Thank you.  Yes, they may be a bit over sharpened.  I think that is something I'll mention to her when we talk about photo editing again.


----------



## bennielou (May 11, 2011)

I agree with the over sharpened but I know from experience that sometimes happens in getting ready for web.  Well done.


----------



## jands (May 11, 2011)

I'm certainly not trying to be rude, but number 1 almost looks like she is growing a beard.  Or is it just me?


----------



## twocolor (May 11, 2011)

jands said:


> I'm certainly not trying to be rude, but number 1 almost looks like she is growing a beard. Or is it just me?


yeah, it totally looks like 5 o'clock shadow.  I'm going to have to take a peek at the original, because she is not a harry girl !


----------



## Naphtali14 (May 12, 2011)

Why is she holding goggles in 3?


----------



## c.cloudwalker (May 12, 2011)

Naphtali14 said:


> Why is she holding goggles in 3?


 
Because she's at the bottom of a pool?



Nice set but, is she interning in modeling?


----------



## Bitter Jeweler (May 12, 2011)

Naphtali14 said:


> Why is she holding goggles in 3?


Cuz she's a Varsity swimmer.


----------



## twocolor (May 12, 2011)

Bitter Jeweler said:


> Naphtali14 said:
> 
> 
> > Why is she holding goggles in 3?
> ...


 
EXACTLY!!!!!!  Not alot of props a swimmer can bring to a session!  That is also why she is at the bottom of this old fountain/pool.  I really liked the blue bottom of the pool.


----------



## twocolor (May 12, 2011)

c.cloudwalker said:


> Naphtali14 said:
> 
> 
> > Why is she holding goggles in 3?
> ...




NO, she is the intern at my photography studio.  I mentioned that she is a third year photography student at the local high school and is going into photography at Utah State University.


----------



## Bitter Jeweler (May 12, 2011)

twocolor said:


> Bitter Jeweler said:
> 
> 
> > Naphtali14 said:
> ...


 
I got it because my sis was a swimmer, and I was a diver.


----------



## c.cloudwalker (May 12, 2011)

twocolor said:


> NO, she is the intern at my photography studio.



I was just joking


----------



## RobbyyKaiser (May 13, 2011)

Not bad the second batch of shots is better than the first in my opinion but there all sweet!


----------



## The_Traveler (May 13, 2011)

In general, nice group, good focus and dof but the PPing doesn't look finished to me. 

Several of these (like #1) look overbright too me but that might be a monitor difference).
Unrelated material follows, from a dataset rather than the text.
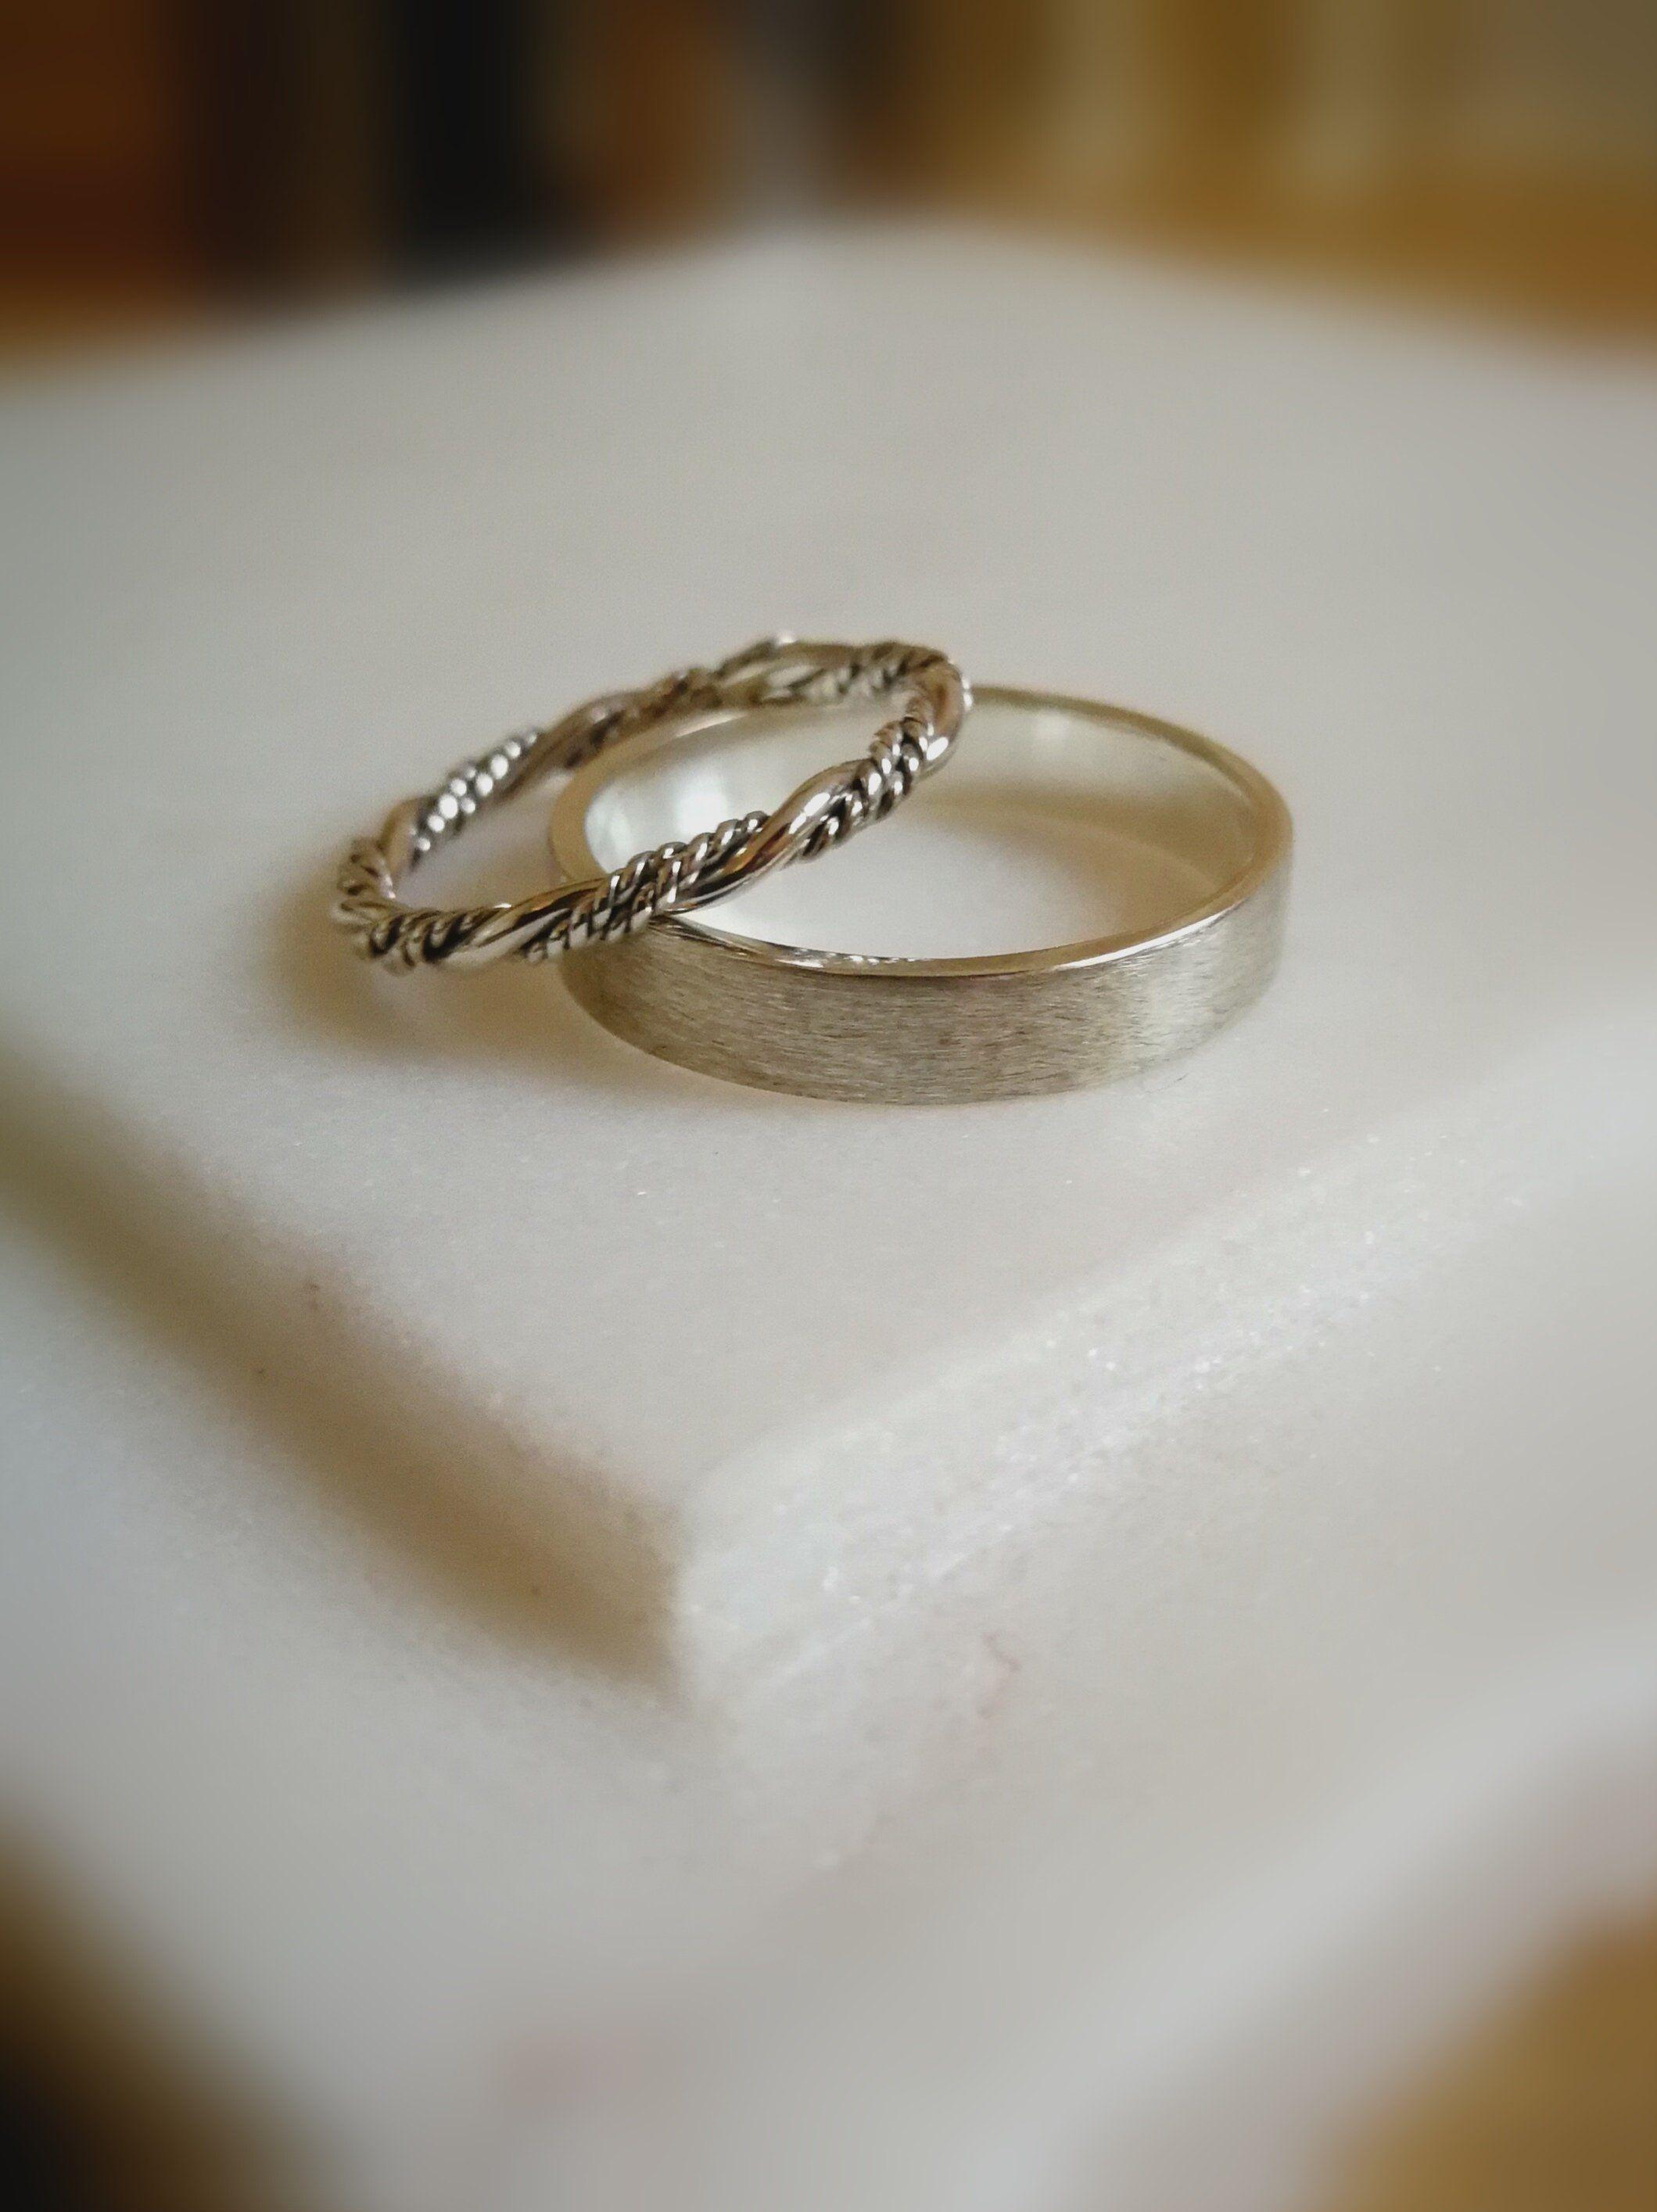 Wedding Ring Set Wedding Band Set Bridal Rings Set Viking Etsy In 2020 Wedding Rings Sets His And Hers Viking Wedding Ring Wedding Ring Sets

However since she is so fair, the ones where there is so much white shirt, like 1, the shirt is competing for attention)
    In #1, she has rather little girl hands and ugly nail polish; I wouldn't include them.
IMO, the WB is a little blue in several, especially the one with the team jacket.

Where she leans against the wall and the foreground is OOF, her color is markedly different that the others.

The second one in the second batch, where she is on the right half of the frame, is not well-framed. She doesn't have enough character or interest in her face to hold up against the expanse of green.

In several of these, there are verticals that are part of the 'design'  but the verticals are off; IMO, this does detract from the feeling of the shot.  There's nothing that says this tilt is meaningful, just a mistake.


----------



## twocolor (May 13, 2011)

The_Traveler said:


> Several of these (like #1) look overbright too me but that might be a monitor difference). However since she is so fair, the ones where there is so much white shirt, like 1, the shirt is competing for attention)
> In #1, she has rather little girl hands and ugly nail polish; I wouldn't include them.
> IMO, the WB is a little blue in several, especially the one with the team jacket.
> 
> ...


 
OK, I am all about thoughtful and helpful critique.  I will go and fix my "verticals", and I will defineately go in and look at the color cast in the images you mentioned, I also will double check my histogram on the images that are bright (which I already have, and there aren't any blown highlights), BUT I think it's rediculous to mention things like  "little girl hands and ugly fingernail polish" or your opinion that "She doesn't have enough character or interest in her face to hold up against the expanse of green".  They are offensive comments (which my intern HAS read), and should have been kept to yourself. 

Critique my stuff, even critique it hard, I can take it and learn from it.  Critique about how someone looks or how they paint their nails, is NOT acceptable to me.  DO NOT screw with someone's self esteem.  People in ALL their differences are beautiful.


----------



## c.cloudwalker (May 13, 2011)

twocolor said:


> People in ALL their differences are beautiful.


 
This is such a basic truth of photography. Not to mention this girl is very nice looking anyway. She doesn't need anybody's help in that regard.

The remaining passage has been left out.